--- RAW DATA Enclosed Below ---

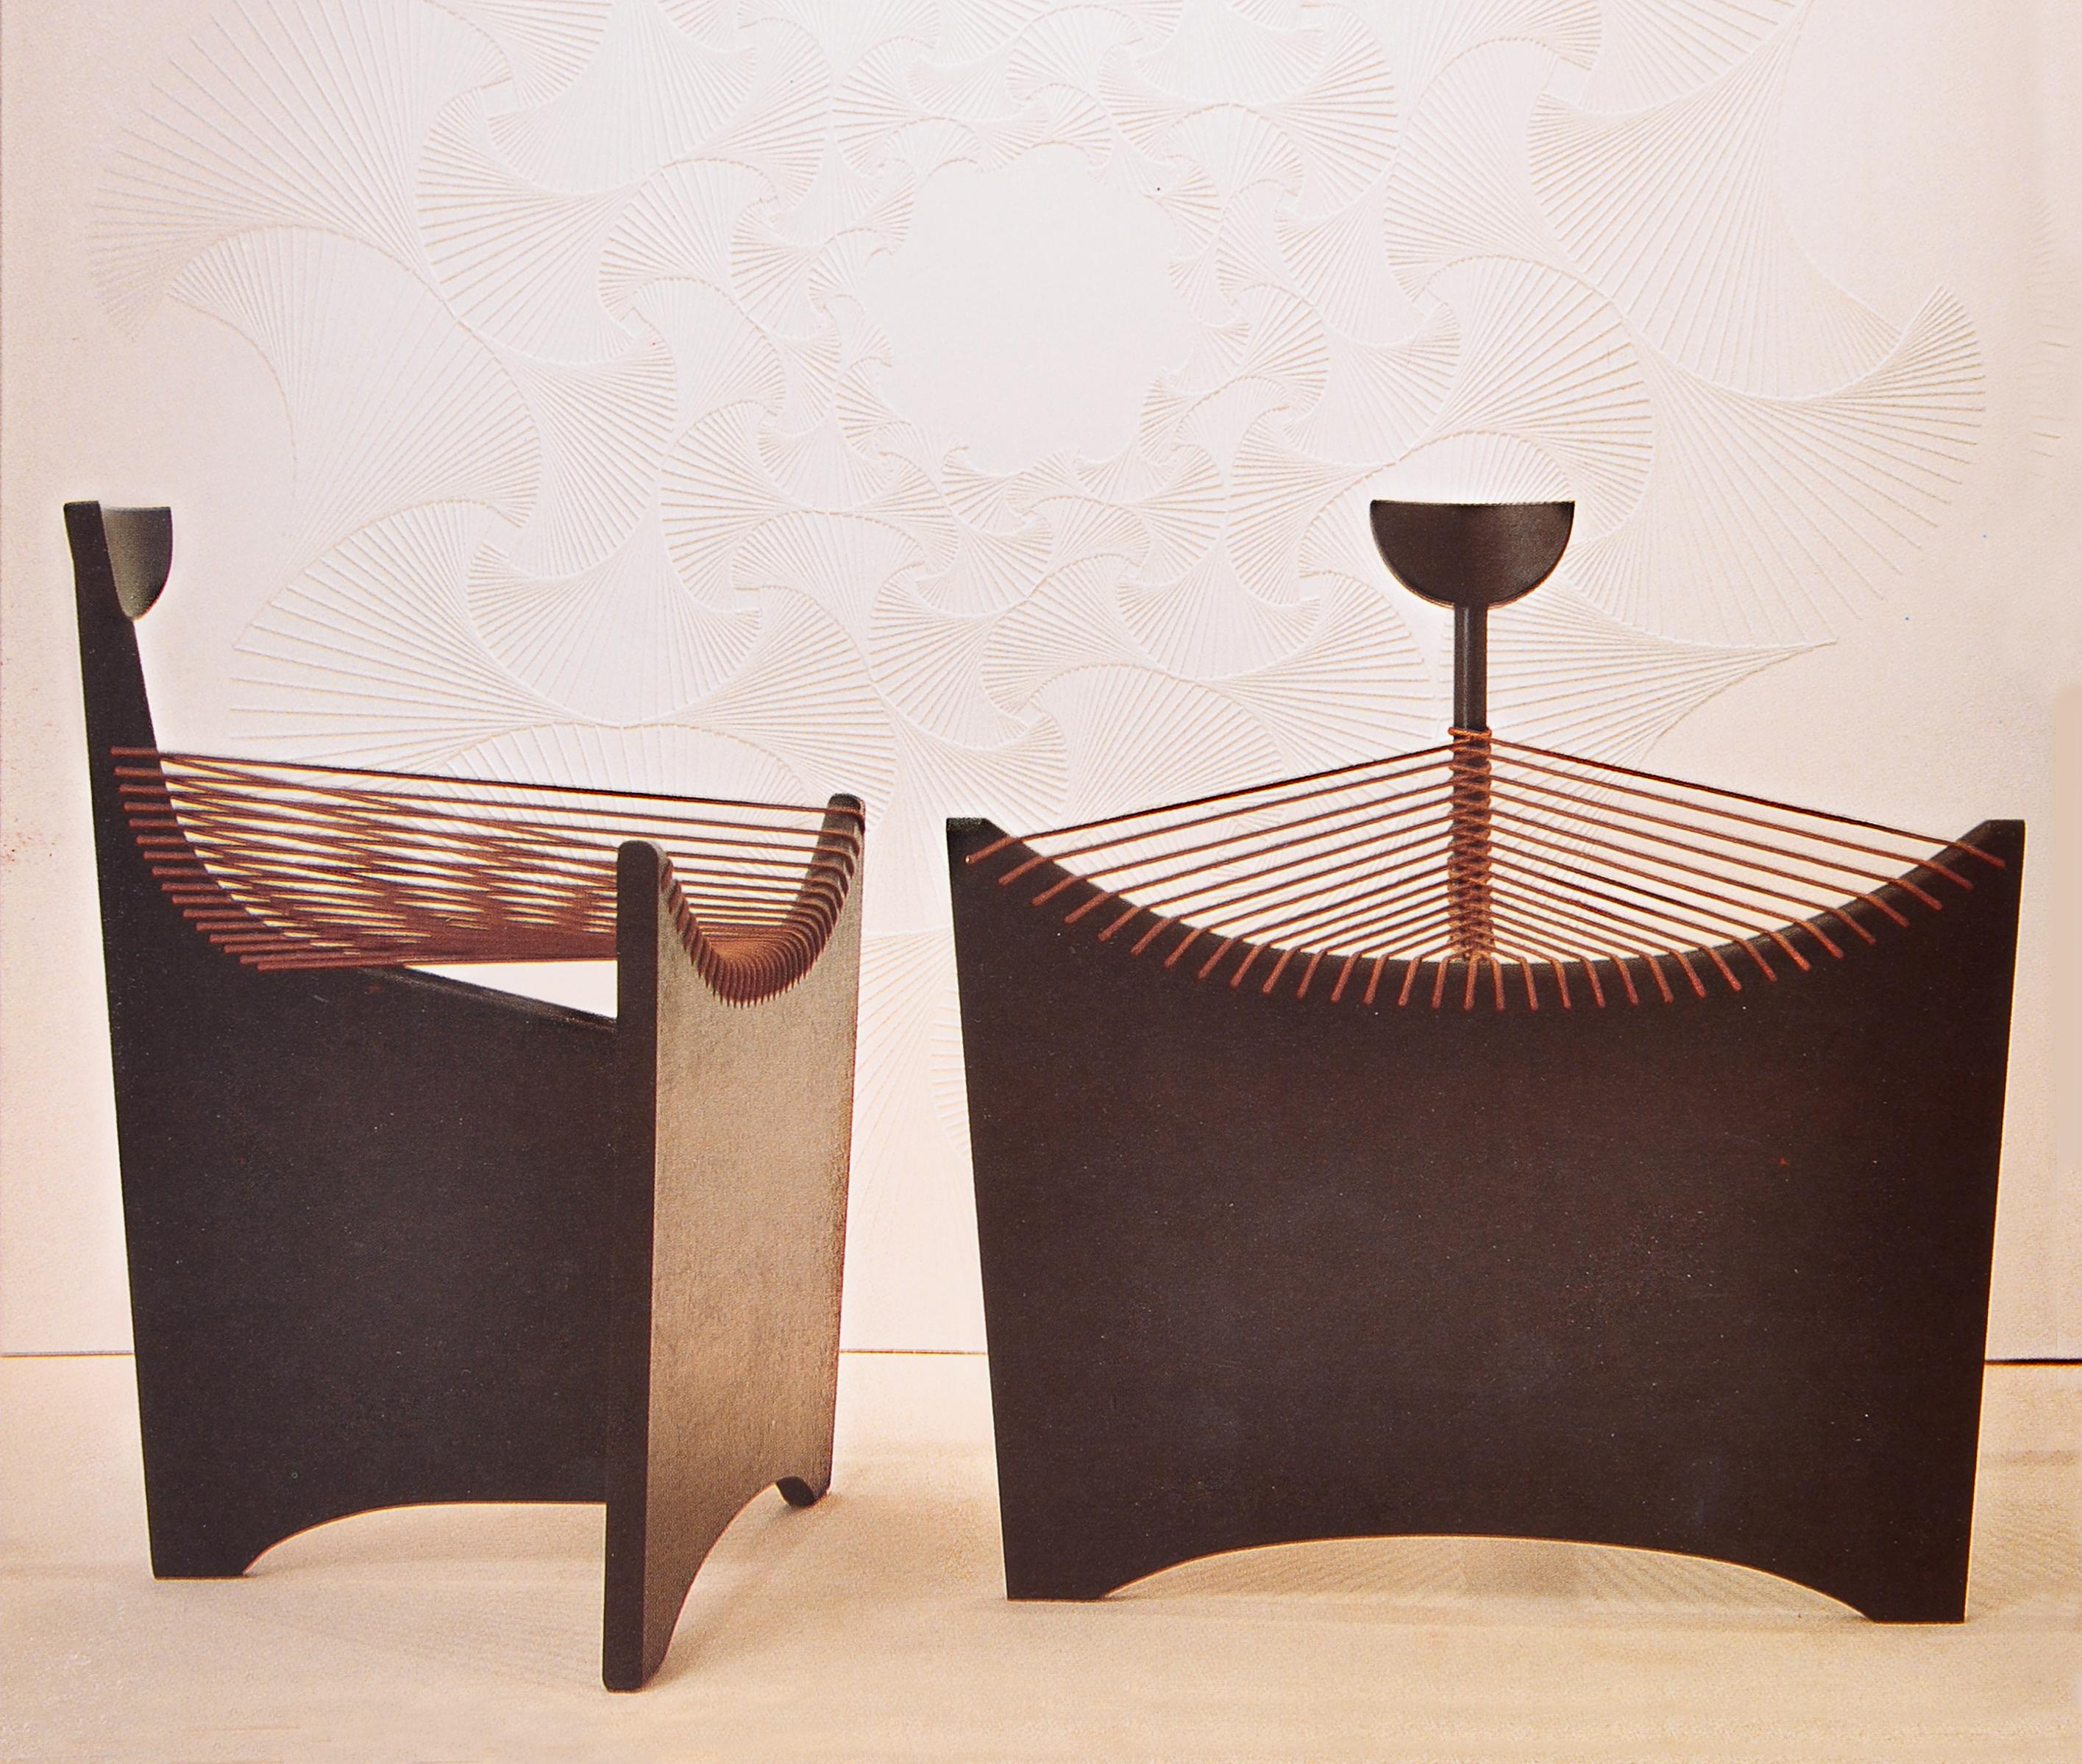 MATERIALIEN: Guinda-Holz, vollständig handgefertigt.

Stuhl Cuerdas , airedelsur von Juan Azcue:
Juan Azcue, der argentinische Designer, der jedes Möbelstück zu einem Kunstwerk macht.
Juan Azcues Karriere als Designer hatte zwei große Etappen: eine

--- End of Enclosed RAW DATA ---

• **WORK ORDER**: Every line that includes "Juan" must be copied from the material above.

• **ANSWER SPACE**:
Stuhl Cuerdas , airedelsur von Juan Azcue:
Juan Azcue, der argentinische Designer, der jedes Möbelstück zu einem Kunstwerk macht.
Juan Azcues Karriere als Designer hatte zwei große Etappen: eine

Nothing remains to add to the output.